Various RCTs have demonstrated the consistent efficacy of elobixibat, with improvements in bowel movements and stool consistency observed within one week of use in patients with CC. It also showed that these effects are well-maintained over a 52-week treatment period. However, most of these studies were conducted among the Japanese population; therefore, further multicenter, multi-ethnic RCTs are needed.
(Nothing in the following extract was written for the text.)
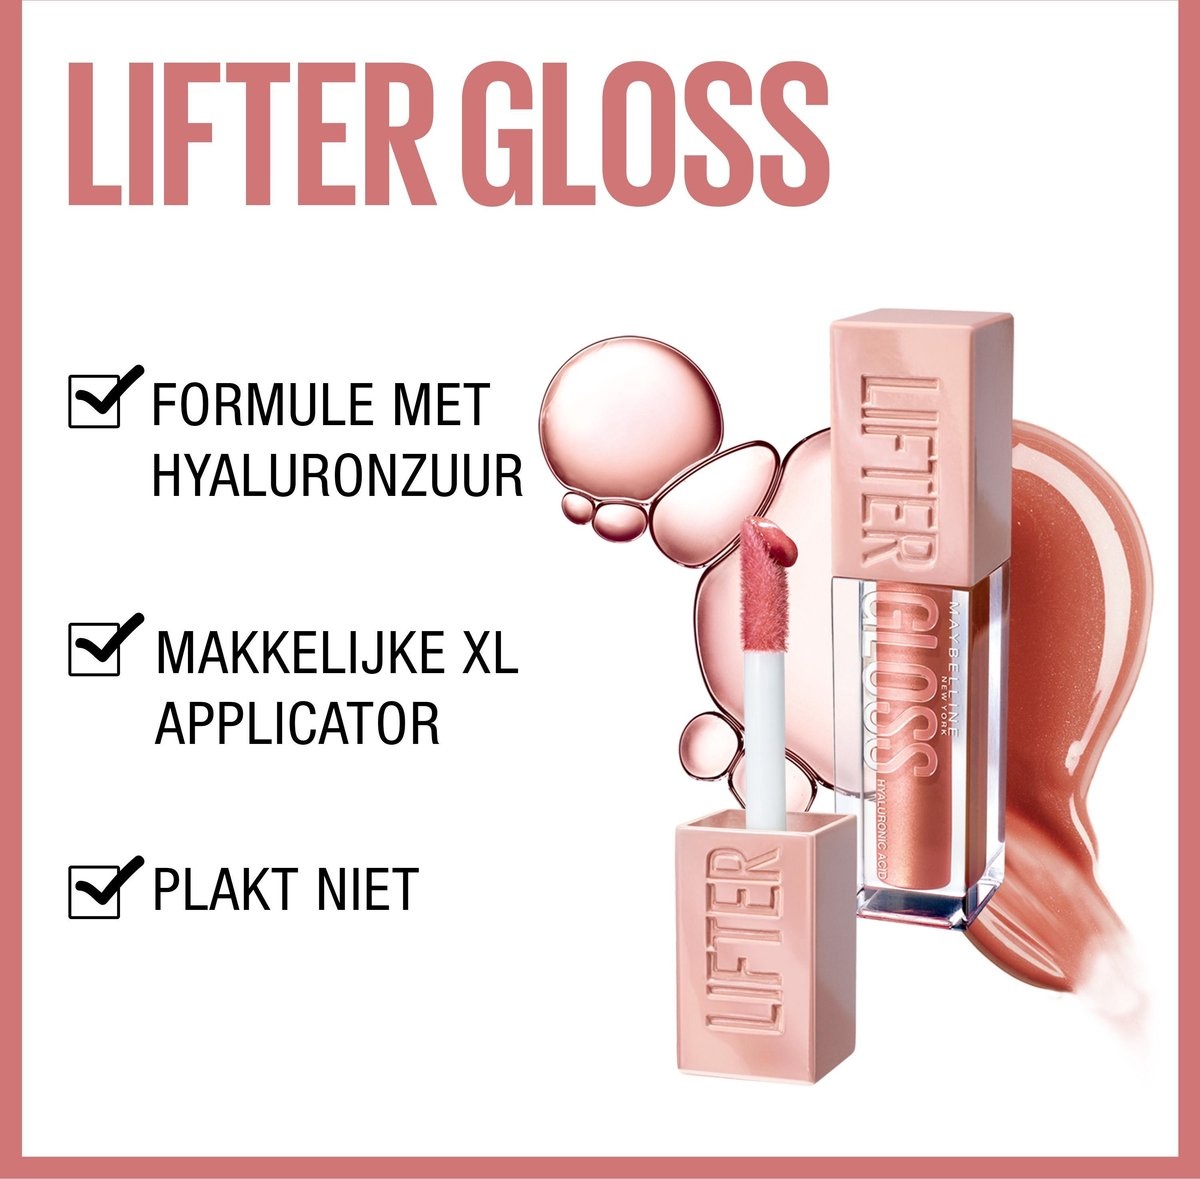 Maybelline New York - Lifter Gloss Lipgloss - 3 Moon - Pink - Glossy Lipgloss - 5.4ml

Based on available evidence, multiple gastroenterological societies have included elobixibat in their therapeutic armamentarium for CC and irritable bowel syndrome with predominant constipation[46,47]. It is approved for use in Japan and India; however, it remains unapproved in the European Union and the United States.

CONCLUSION

CC is a prevalent multifactorial disorder in the elderly, often underpinned by age-related physiological changes, comorbidities, and medication use. A structured evaluation incorporating a comprehensive history, physical examination, laboratory investigations, colonoscopy when indicated, and physiological tests in refractory cases is essential to exclude secondary causes and guide effective therapy. Elobixibat, an IBATi, has demonstrated consistent efficacy and tolerability in clinical trials, including elderly patients and those with comorbidities. Its rapid onset of action, favourable safety profile, and sustained benefits over long-term use make it a promising addition to the therapeutic armamentarium for CC. However, the majority of evidence arises from Japanese cohorts, highlighting the need for further well-designed, multicenter, multi-ethnic trials to confirm its generalizability. Overall, elobixibat represents an effective and practical therapeutic option that may significantly improve the quality of life of elderly patients with CC.